The Making of Incarnation
- First edition
- Author: Tom McCarthy
- Language: English
- Publisher: Jonathan Cape (UK) Knopf (US)
- Publication place: United Kingdom

= The Making of Incarnation =

2021 novel by Tom McCarthy

The Making of Incarnation is a 2021 novel by English writer Tom McCarthy.

==Conception and writing==
The novel involves a search for a fictional missing item—Box 808—from the archive of Lillian Gilbreth. Gilbreth was a real-world figure known for her work on time and motion studies, applying that work to accelerate the rate at which industrial workers could accomplish tasks. In an essay for the London Review of Books, McCarthy referred to Gilbreth as a "fascinating figure". McCarthy has said he is "most [fascinated]" by "[...] the role literature played in her thinking."

==Reception==
In a review published by the Wall Street Journal, Sam Sacks compared the work unfavorably to those of postmodern American novelist Don DeLillo, writing that The Making of Incarnation "[...] lacks Mr.

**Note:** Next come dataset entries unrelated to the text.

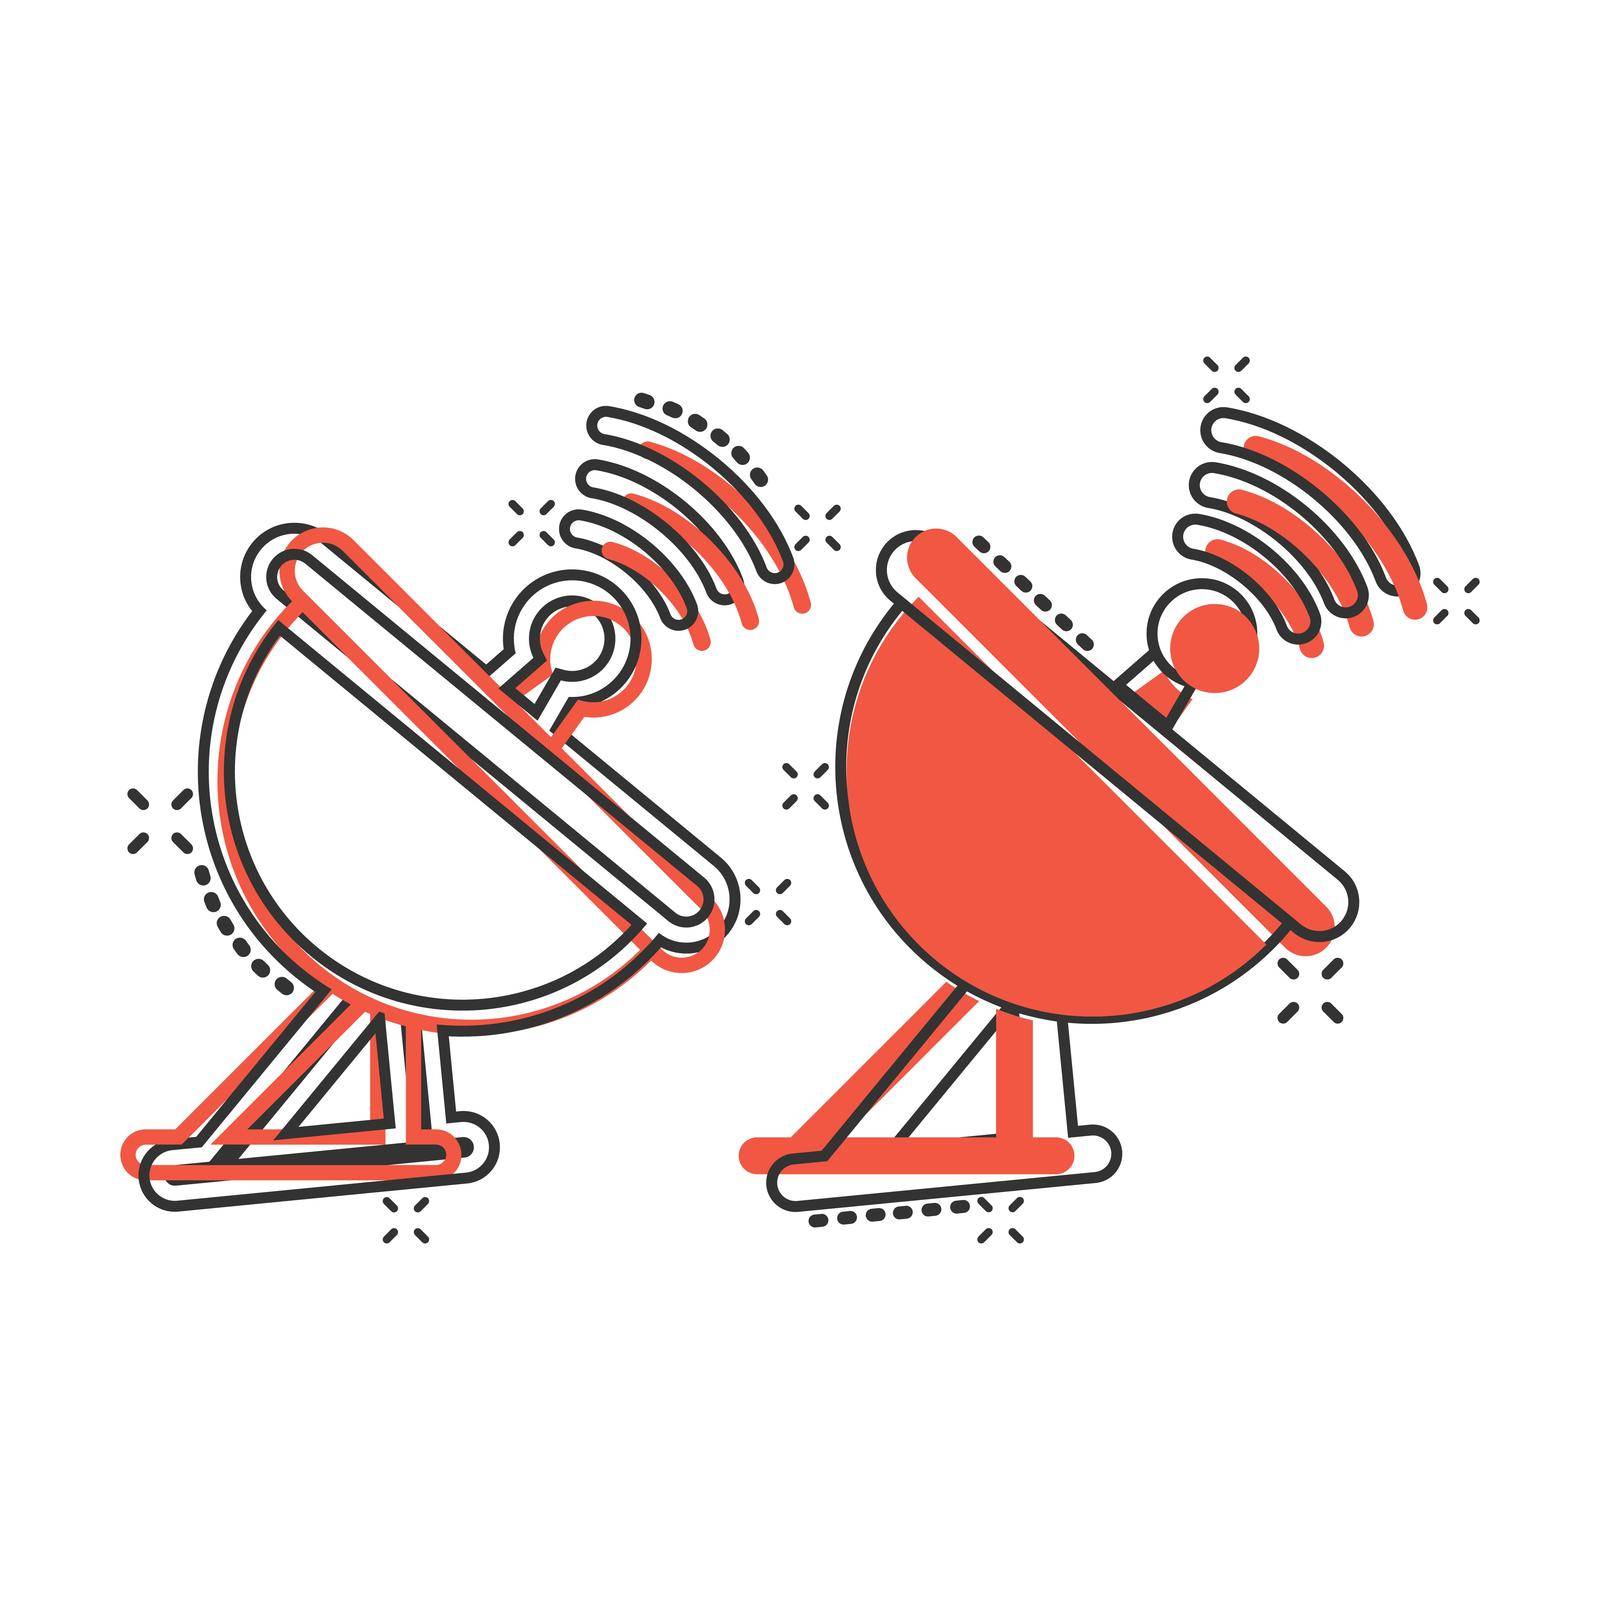 Satellite antenna tower icon in comic style. Broadcasting cartoon by LysenkoA
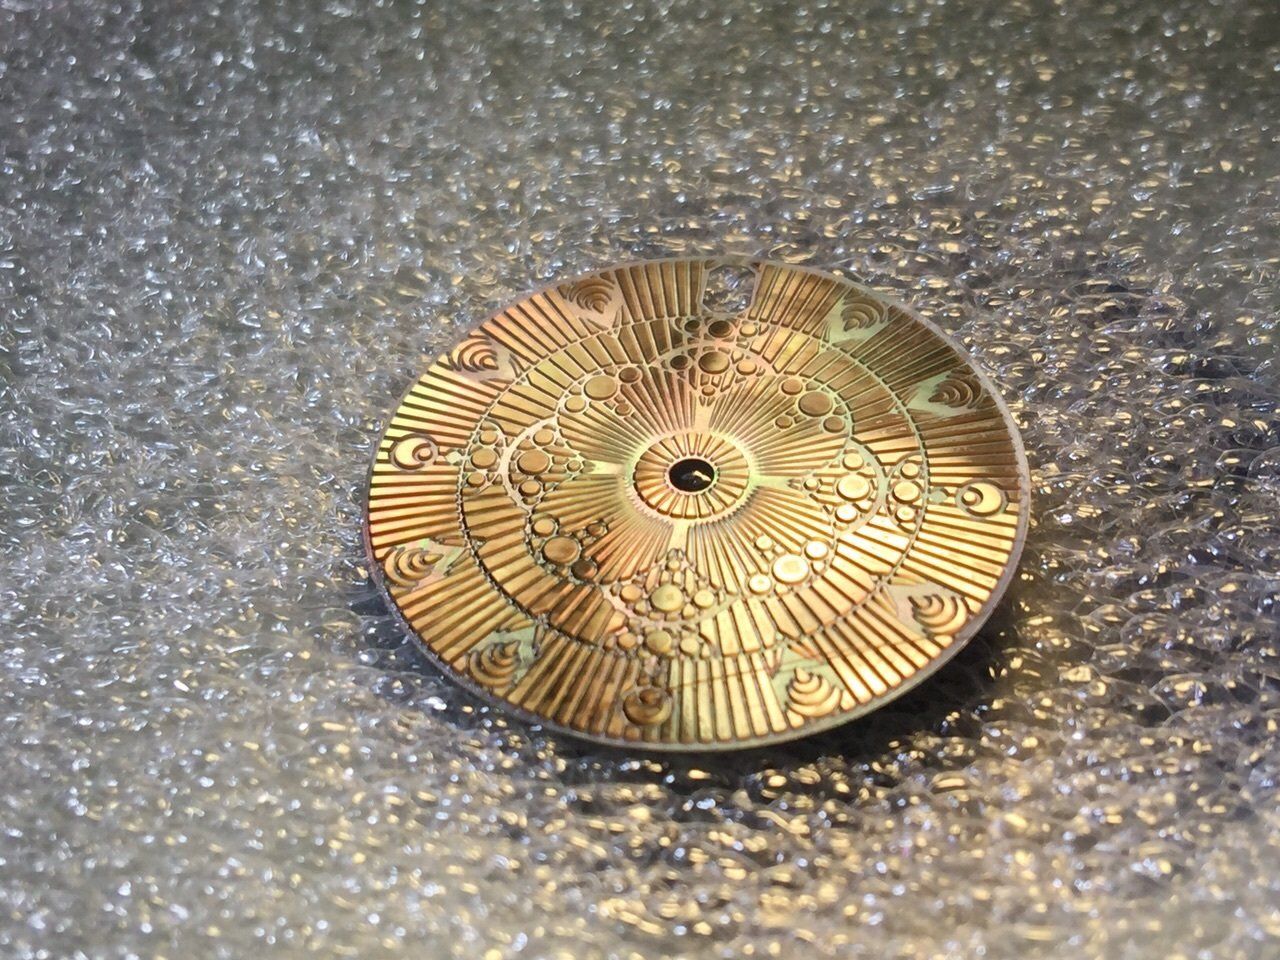 A gold plated button on a silver surface.
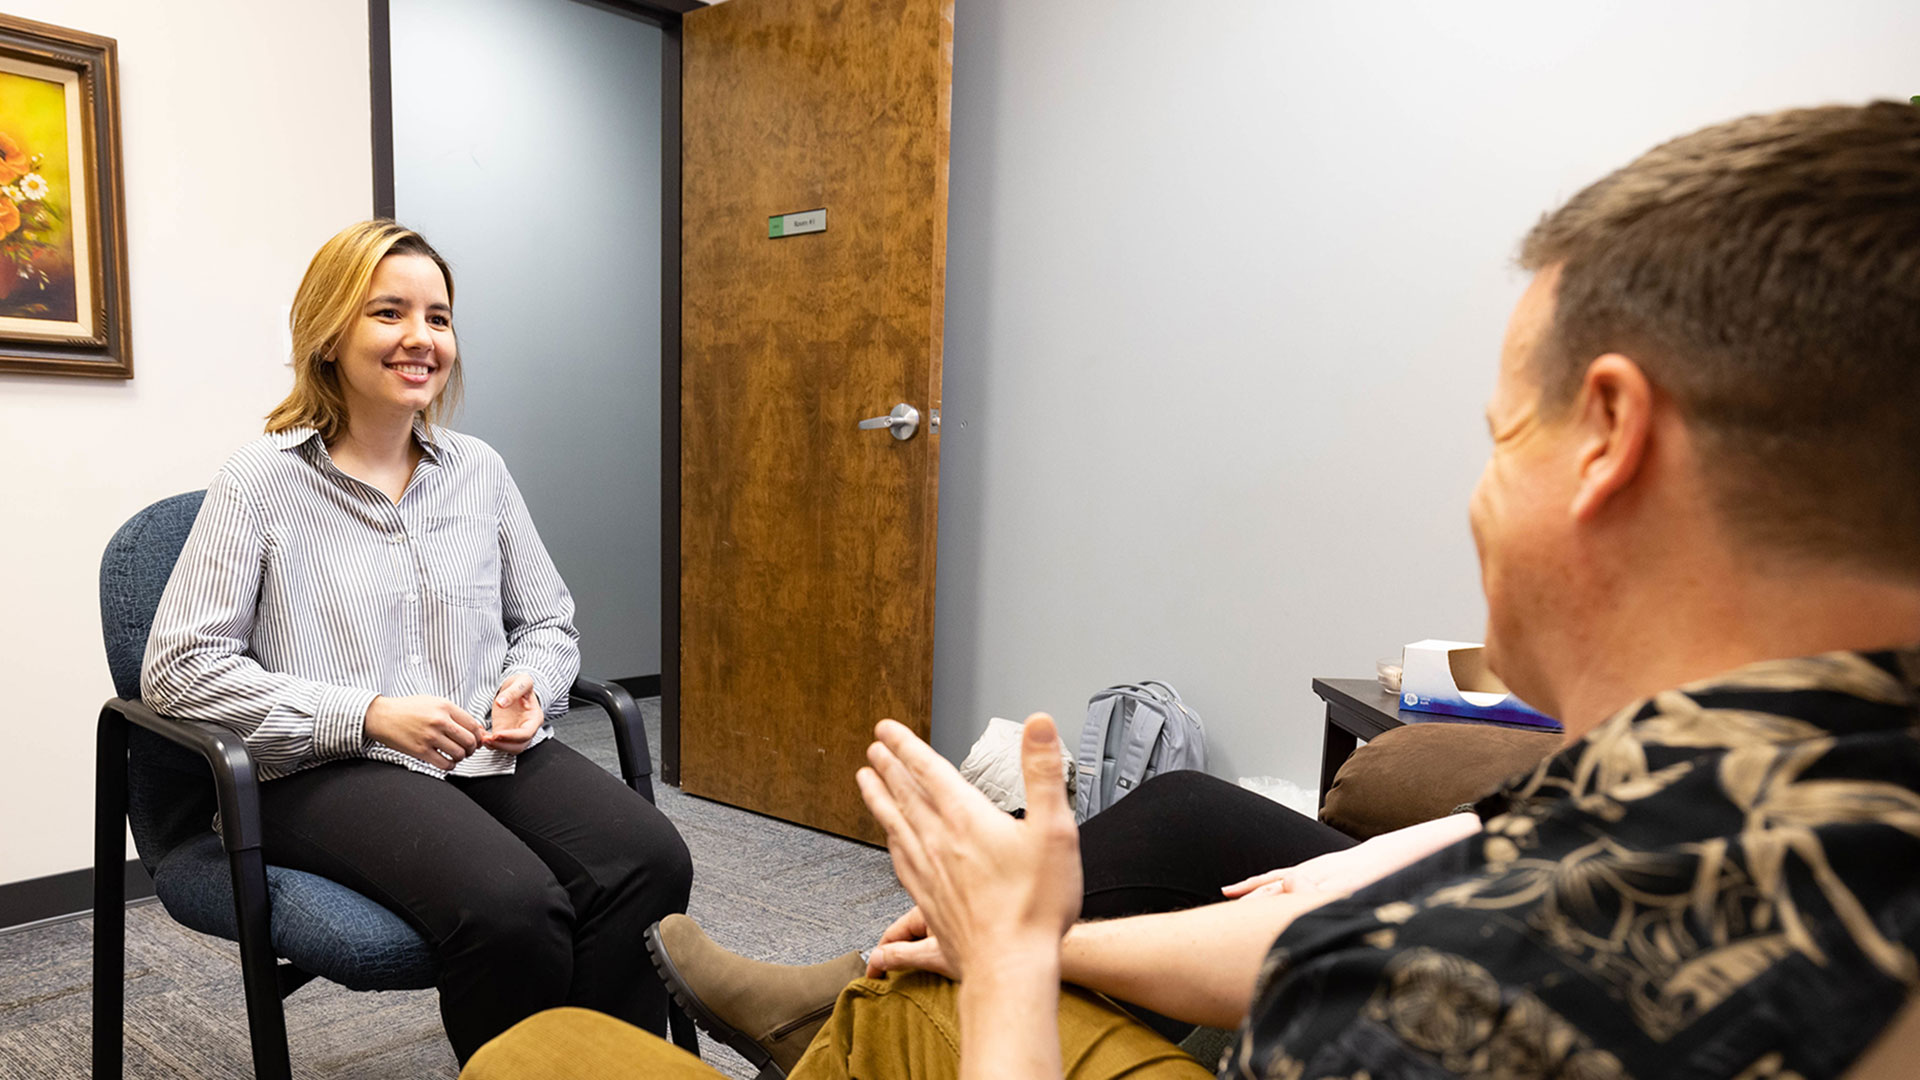 A student leads a counseling session as she attentively listens to her clients.

DeLillo’s humor, his pleasure in absurdity". In his review, Sacks noted the superficial characterization of the book's protagonists, referring to them as "[...] nothing more than proper names". In a review for The New York Times, Giles Harvey referred to the characters similarly, writing: "They are manic ciphers, fixated on their intellectual quarry but devoid of inner life".

In a review for Booklist, Bill Kelly praised the novel's "Pynchonian asides filtered through a Joycean love of language."